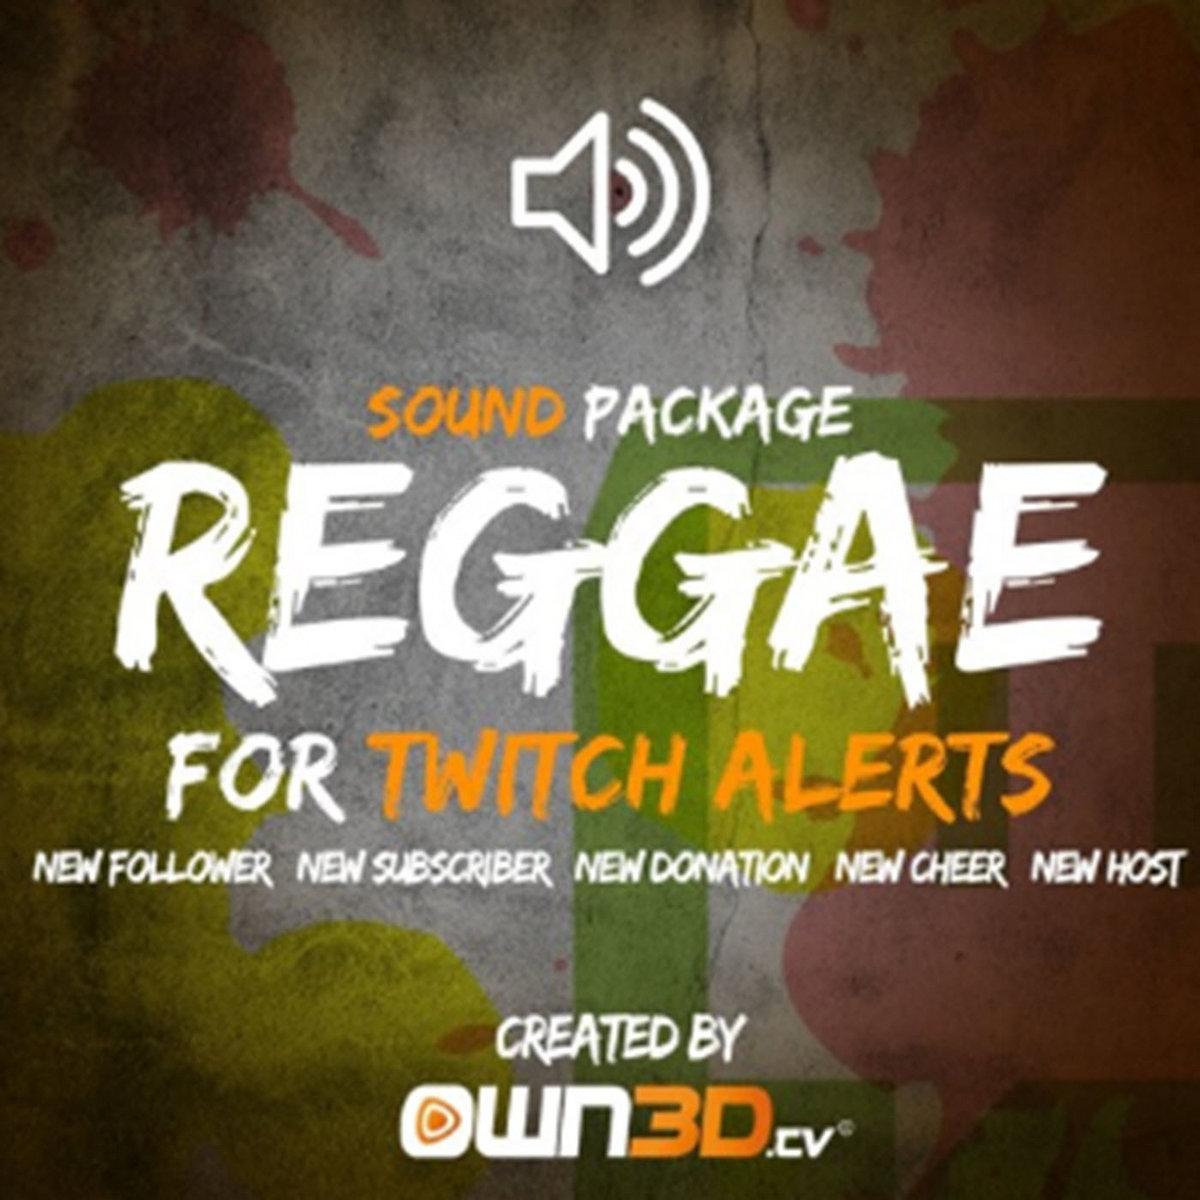 Download twitch alert sounds | Peatix
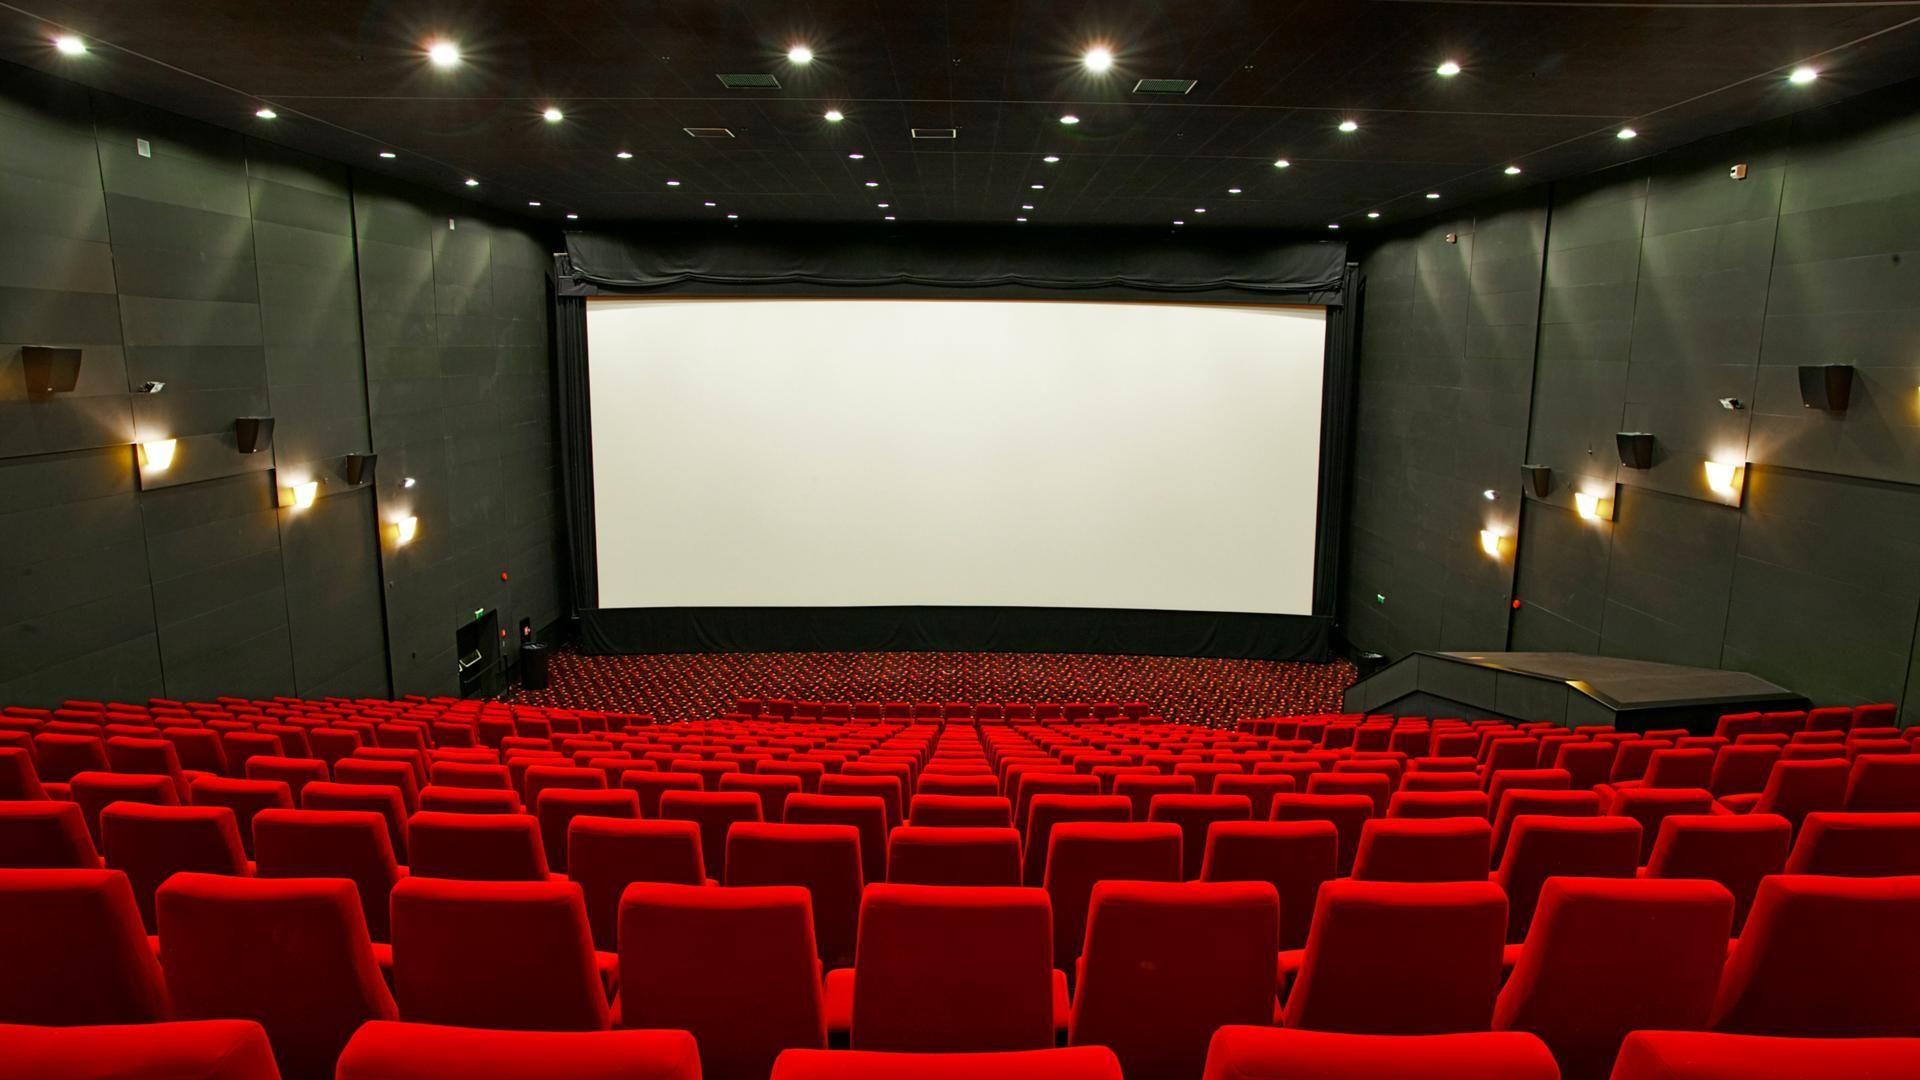 Movie Theater 1080p Wallpaper
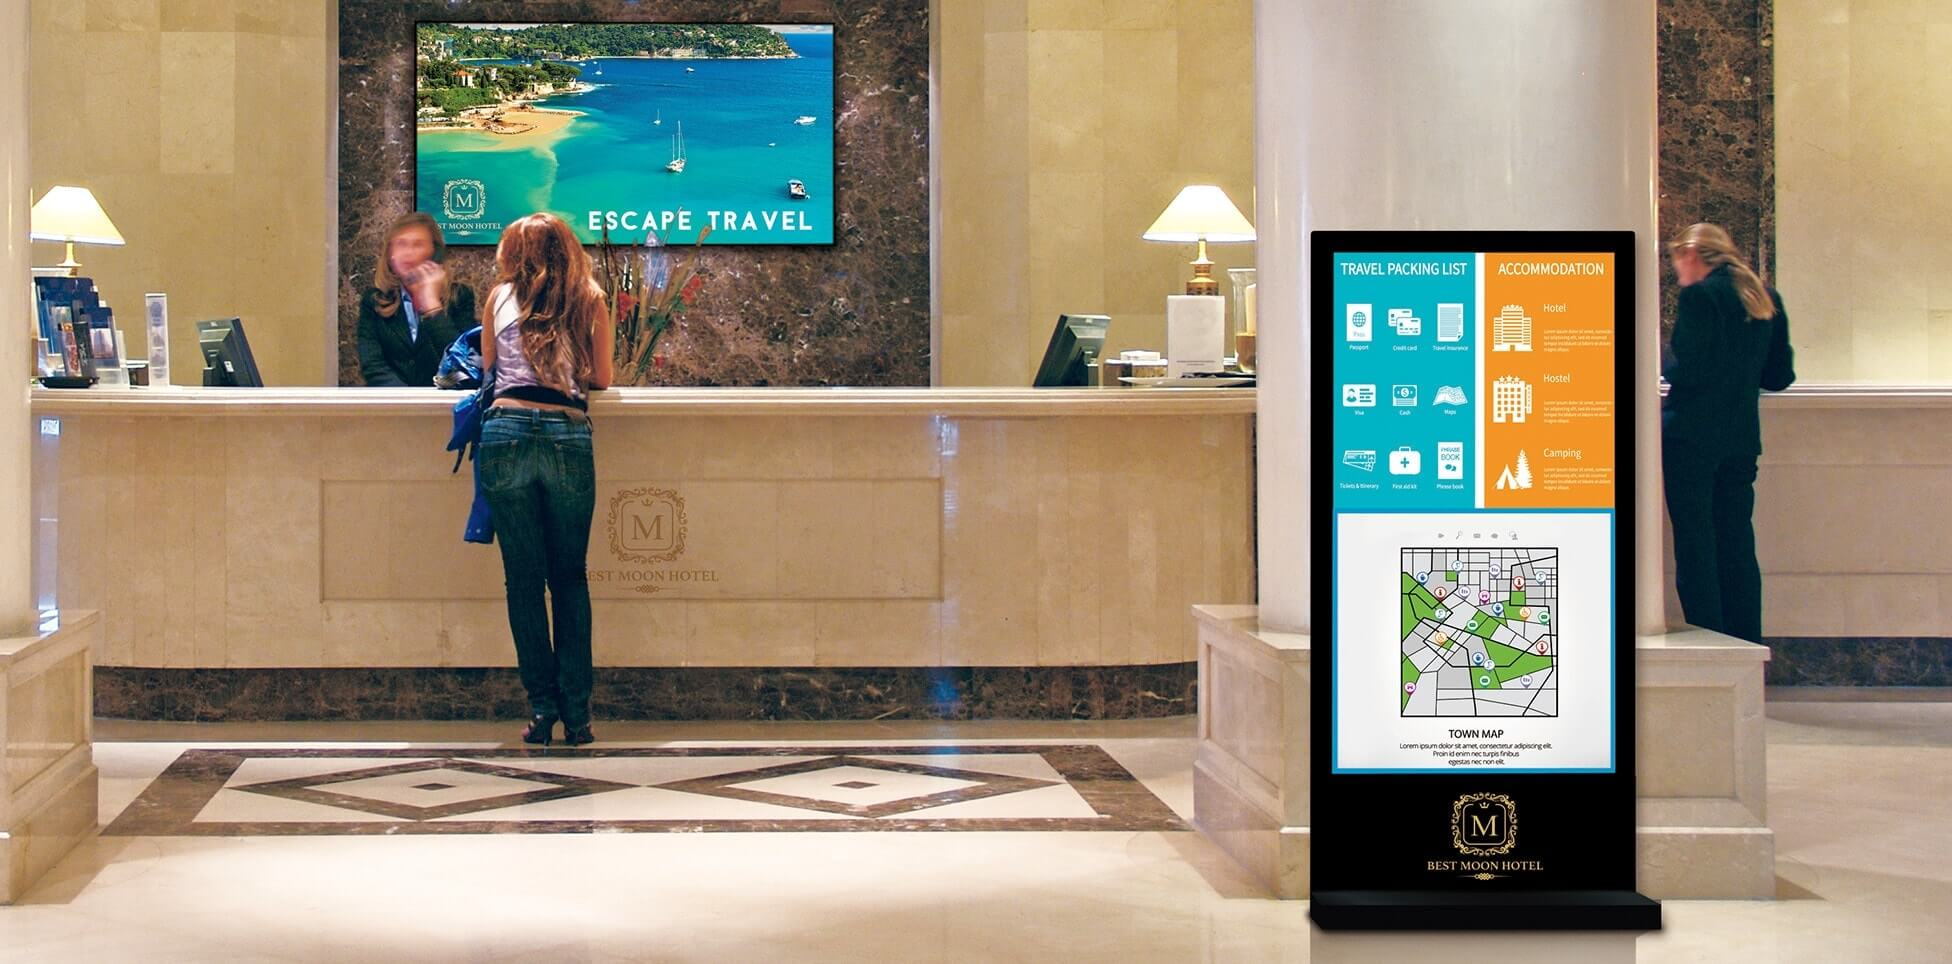 Quand la transformation digitale s'invite à l'hôtel
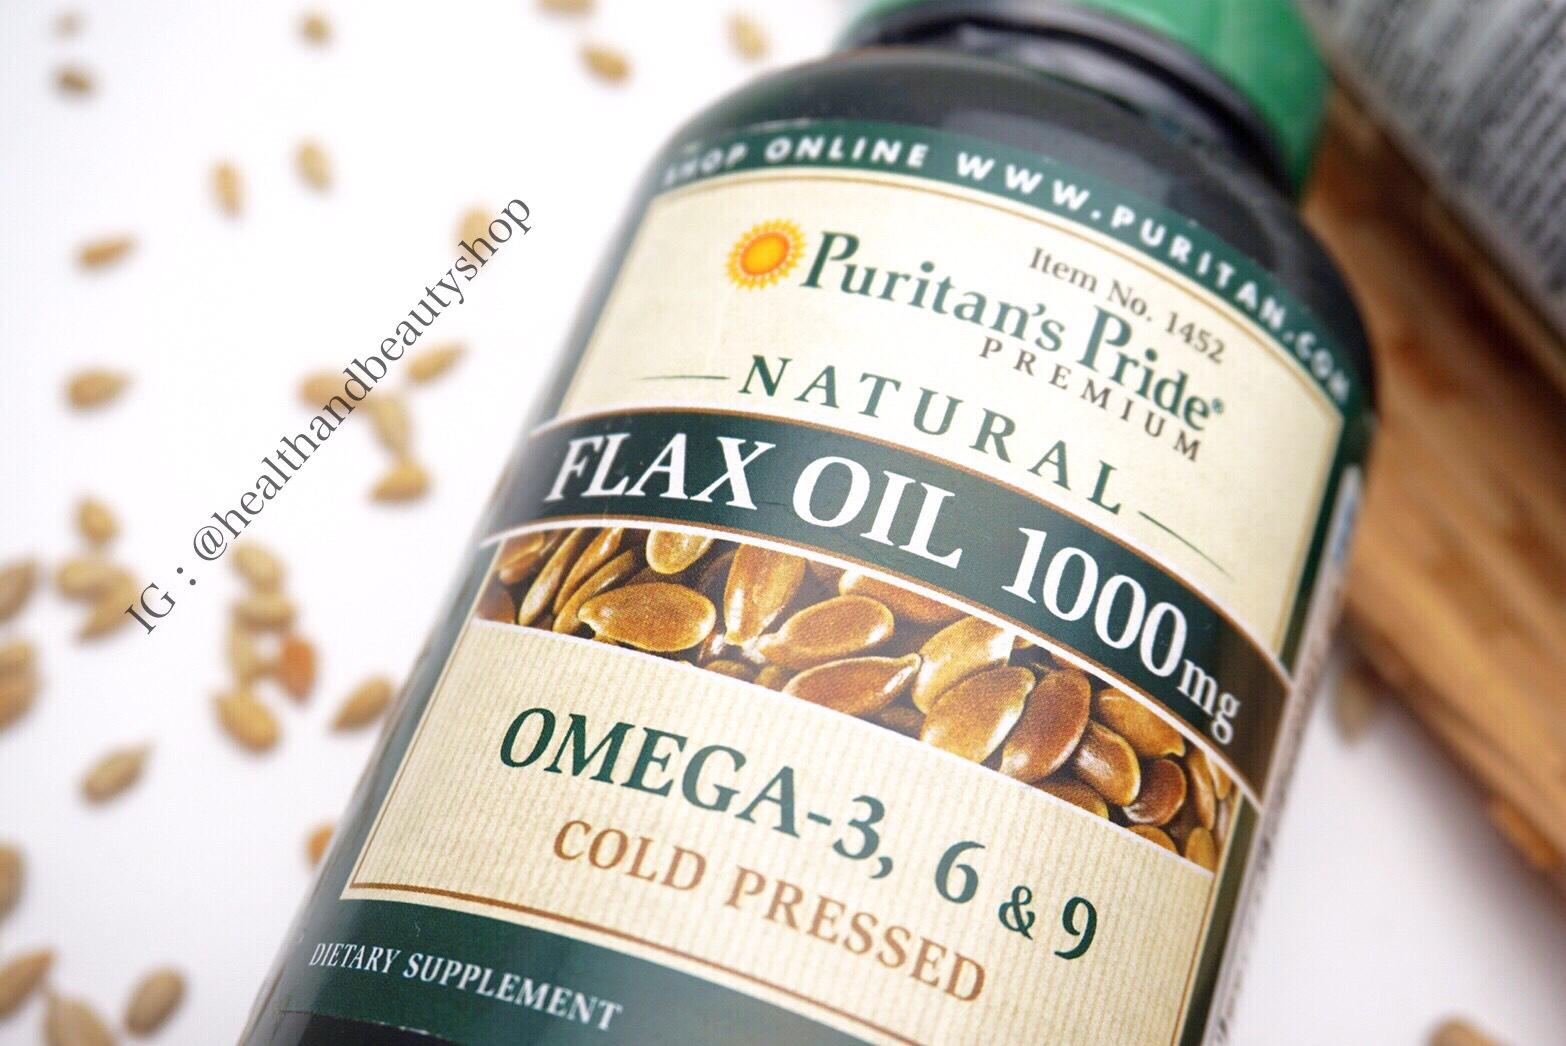 Puritan's Pride Natural Flax Oil 1000 mg 120 Softgels

# ACTIVITY:
Omit pictures; set down the rest of the material word for word.

# RESPONSE TO THE TASK:
 Download twitch alert sounds | Peatix
 Movie Theater 1080p Wallpaper
 Quand la transformation digitale s'invite à l'hôtel
 Puritan's Pride Natural Flax Oil 1000 mg 120 Softgels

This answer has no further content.